Highlights of our financial performance for fiscal 2016 include the following:
Same store sales increased 5% in fiscal 2016 over an increase of 2% in fiscal 2015 and an increase of 3%
in fiscal 2014. The fiscal 2016 increase was driven by an increase in customer traffic. We also had a
strong increase in units sold which was offset by a reduction in the average ticket.
Net sales increased to $30.9 billion for fiscal 2016, up 6% over the same period last year. Net sales
increased to $29.1 billion for fiscal 2015, up 6% over the prior year. At January 30, 2016, the number of
stores in operation increased 6% and selling square footage increased 5% over the end of fiscal 2015.
Earnings per share for fiscal 2016 were $3.33 per diluted share compared to $3.15 per diluted share in
fiscal 2015. Fiscal 2015 earnings per share includes a charge of $0.01 from a loss on early extinguishment
of debt.
Our fiscal 2016 pre-tax margin (the ratio of pre-tax income to net sales) was 11.8%, a 0.4 percentage
point decrease compared to our fiscal 2015 pre-tax margin. The loss on early extinguishment of debt
reduced pre-tax margin by 0.1 percentage point in fiscal 2015.

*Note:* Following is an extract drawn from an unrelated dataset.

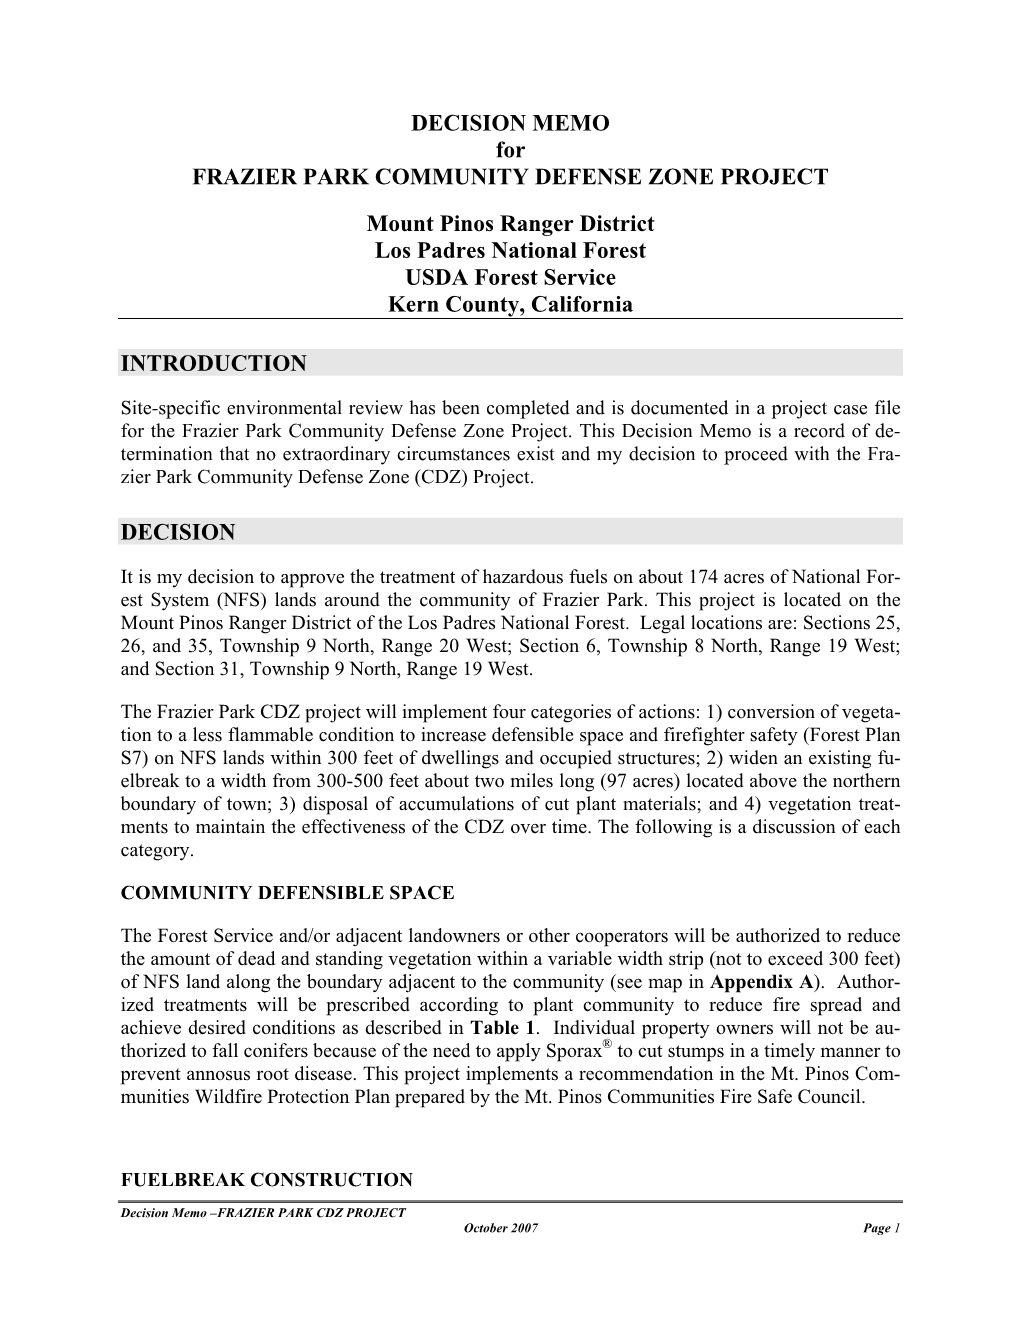 DECISION MEMO for FRAZIER PARK COMMUNITY DEFENSE ZONE PROJECT

Our cost of sales ratio for fiscal 2016 was 71.2%, a 0.3 percentage point decrease compared to the fiscal
2015 ratio. This improvement was driven by buying and occupancy expense leverage on strong same
store sales growth as well as an increase in merchandise margin.
Our selling, general and administrative expense ratio for fiscal 2016 increased 0.7 percentage points to
16.8% from 16.1% in fiscal 2015. This increase is primarily due to higher store payroll costs due to our
wage initiative and the impact of handling a large increase in units sold.
Our consolidated average per store inventories, including inventory on hand at our distribution centers
(which excludes inventory in transit) and excluding our e-commerce businesses, were up 5% (up 6% on a
constant currency basis) at the end of fiscal 2016 as compared to the prior year.
During fiscal 2016, we repurchased 26.5 million shares of our common stock for $1.8 billion. Earnings per
share reflect the benefit of the stock repurchase program. In January 2016, our Board of Directors
authorized our 17th stock repurchase program for an additional $2.0 billion.